Records for the exercise: Begin

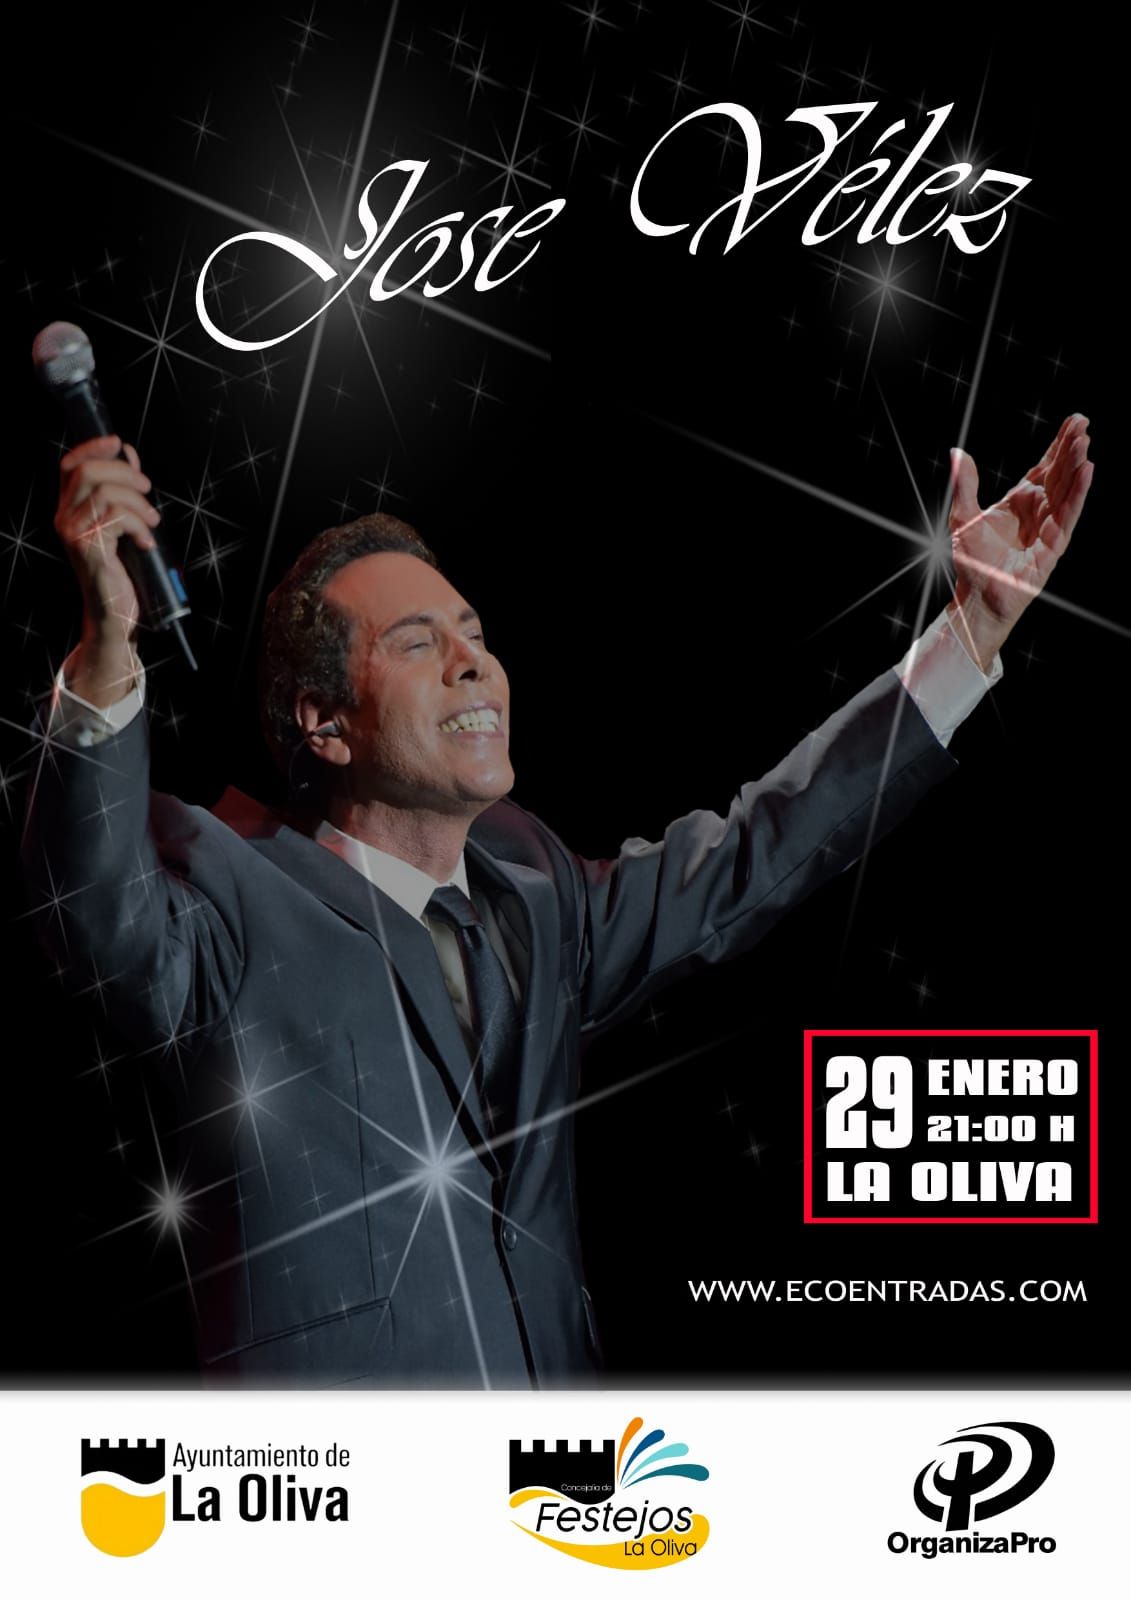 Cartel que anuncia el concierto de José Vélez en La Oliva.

Records for the exercise: End
Records for the exercise: Begin

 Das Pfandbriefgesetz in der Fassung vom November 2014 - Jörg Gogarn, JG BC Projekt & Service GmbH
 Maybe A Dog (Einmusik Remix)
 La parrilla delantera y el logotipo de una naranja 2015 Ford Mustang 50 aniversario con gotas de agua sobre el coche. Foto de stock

Records for the exercise: End
Records for the exercise: Begin

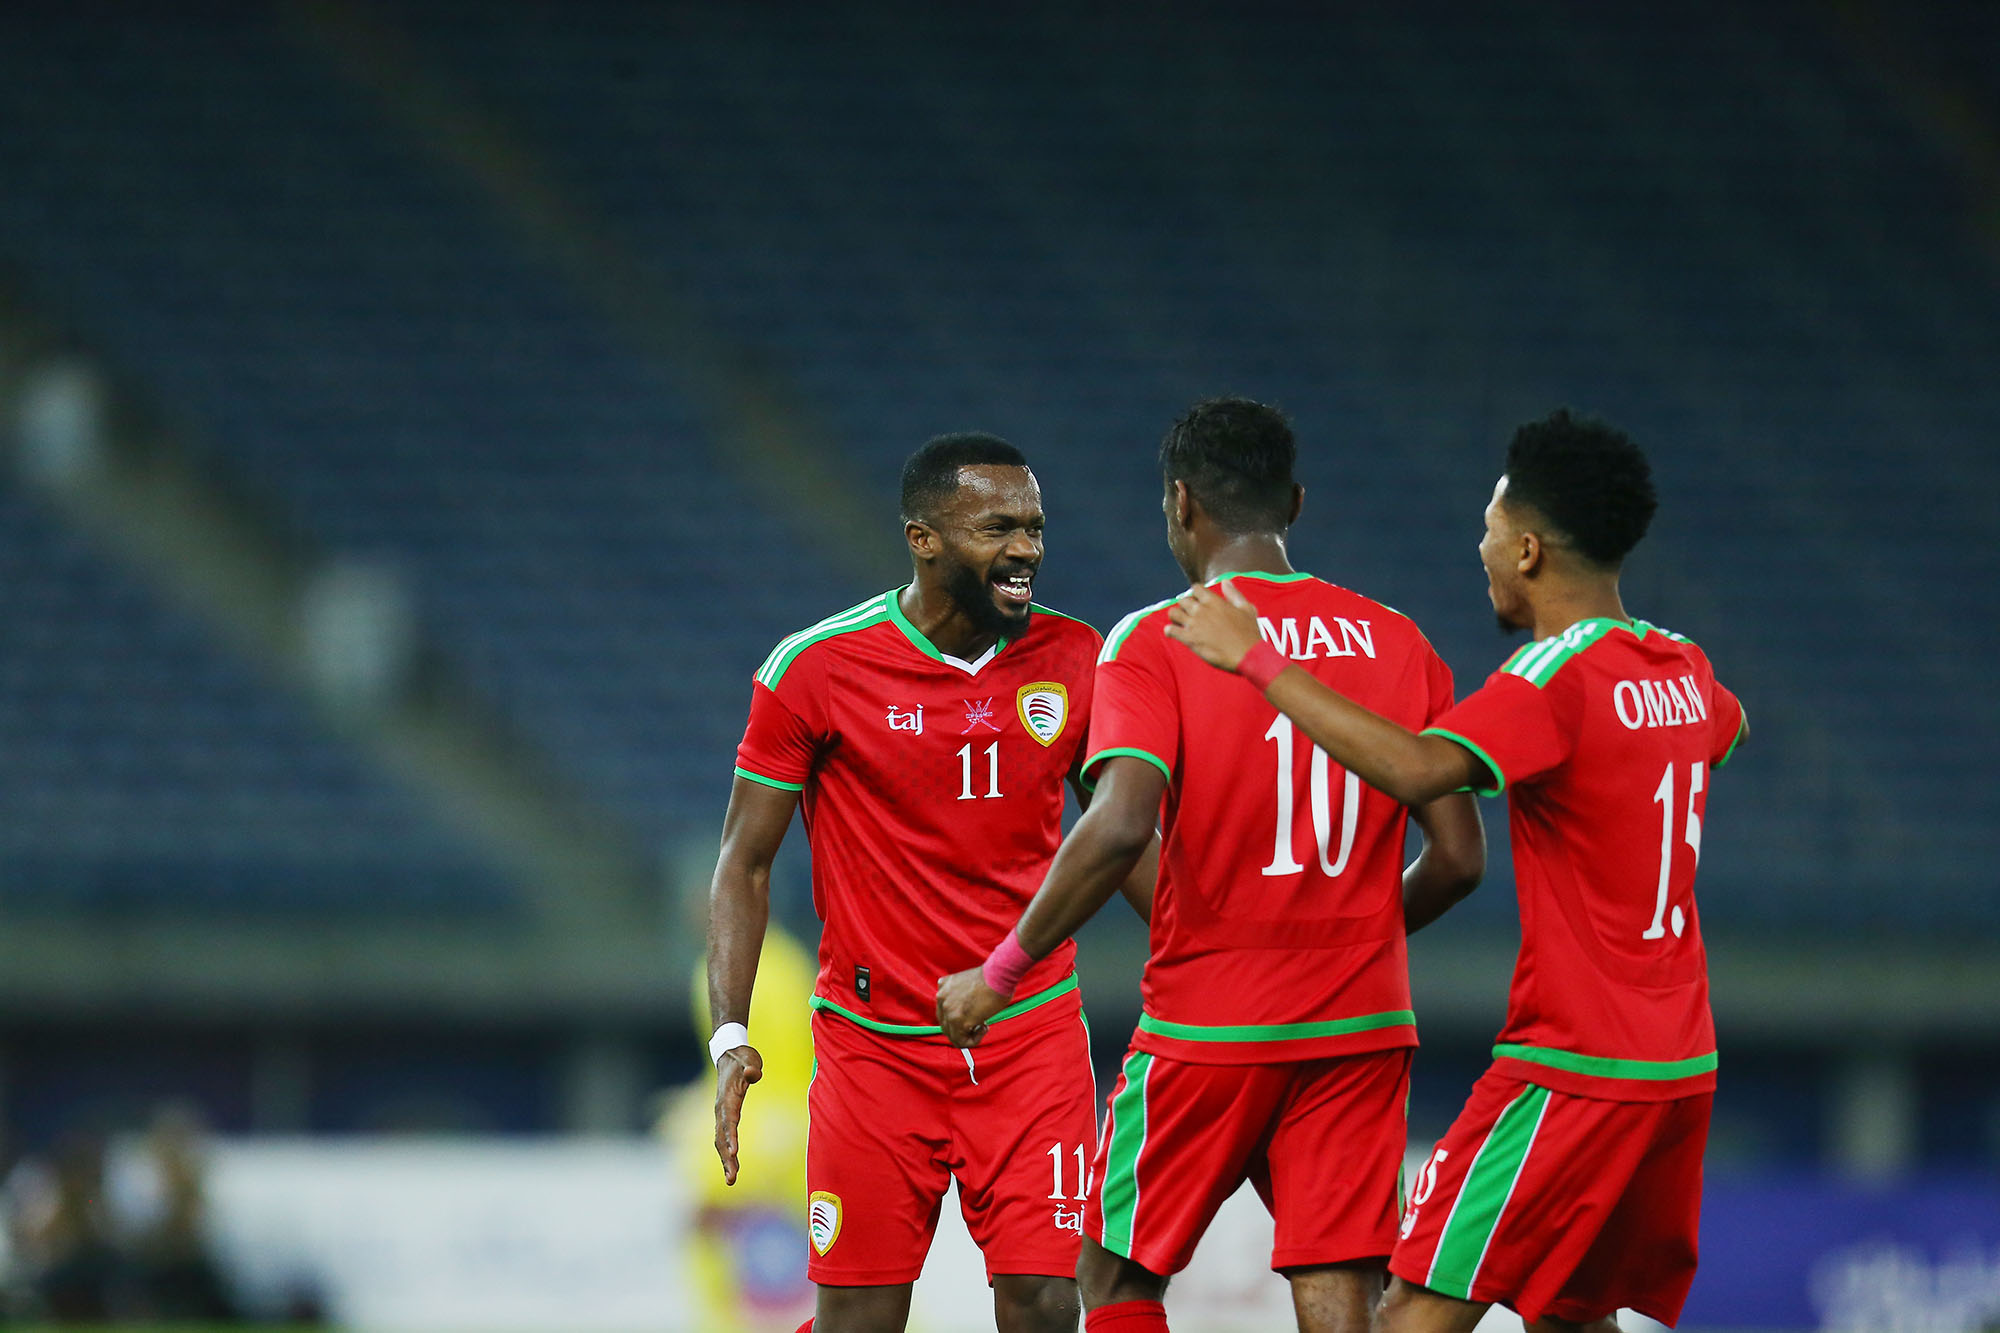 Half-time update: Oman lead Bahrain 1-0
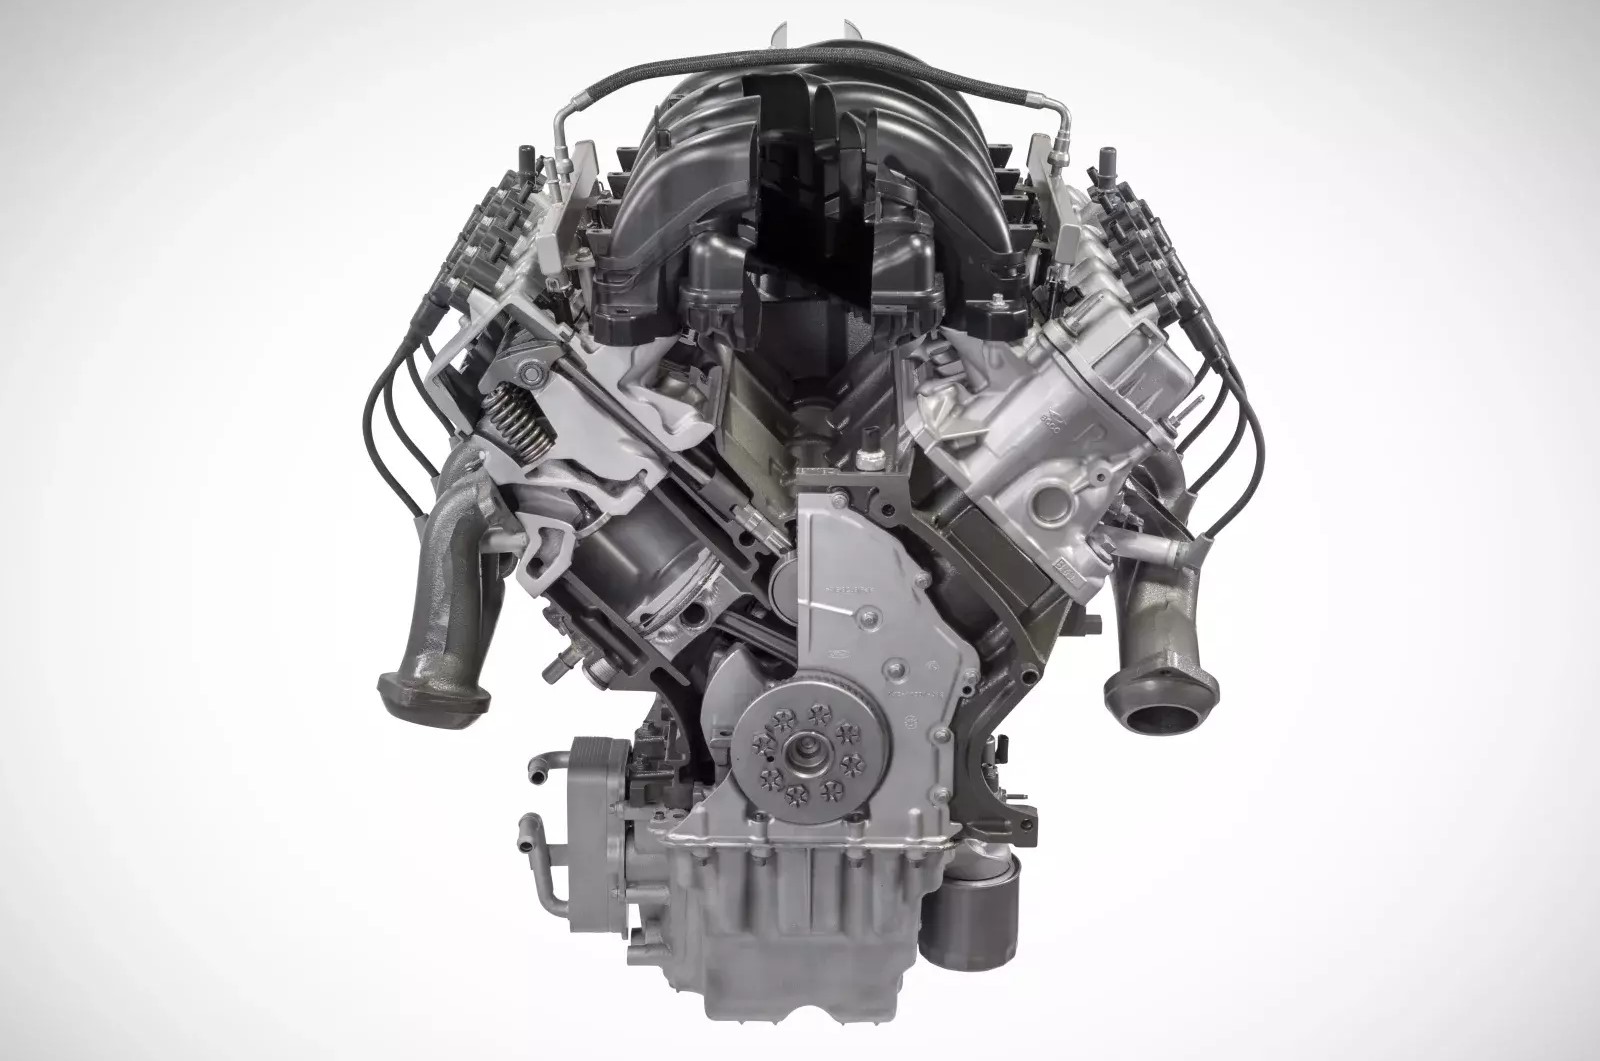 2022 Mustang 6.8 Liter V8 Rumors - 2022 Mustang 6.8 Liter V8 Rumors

Records for the exercise: End

### Task requirements:
In the listing above, start at the line with "Das Pfandbriefgesetz in", go on through the line with "La parrilla delantera", and copy each of those lines exactly; leave out all the rest.

### Response to the exercise:
 Das Pfandbriefgesetz in der Fassung vom November 2014 - Jörg Gogarn, JG BC Projekt & Service GmbH
 Maybe A Dog (Einmusik Remix)
 La parrilla delantera y el logotipo de una naranja 2015 Ford Mustang 50 aniversario con gotas de agua sobre el coche. Foto de stock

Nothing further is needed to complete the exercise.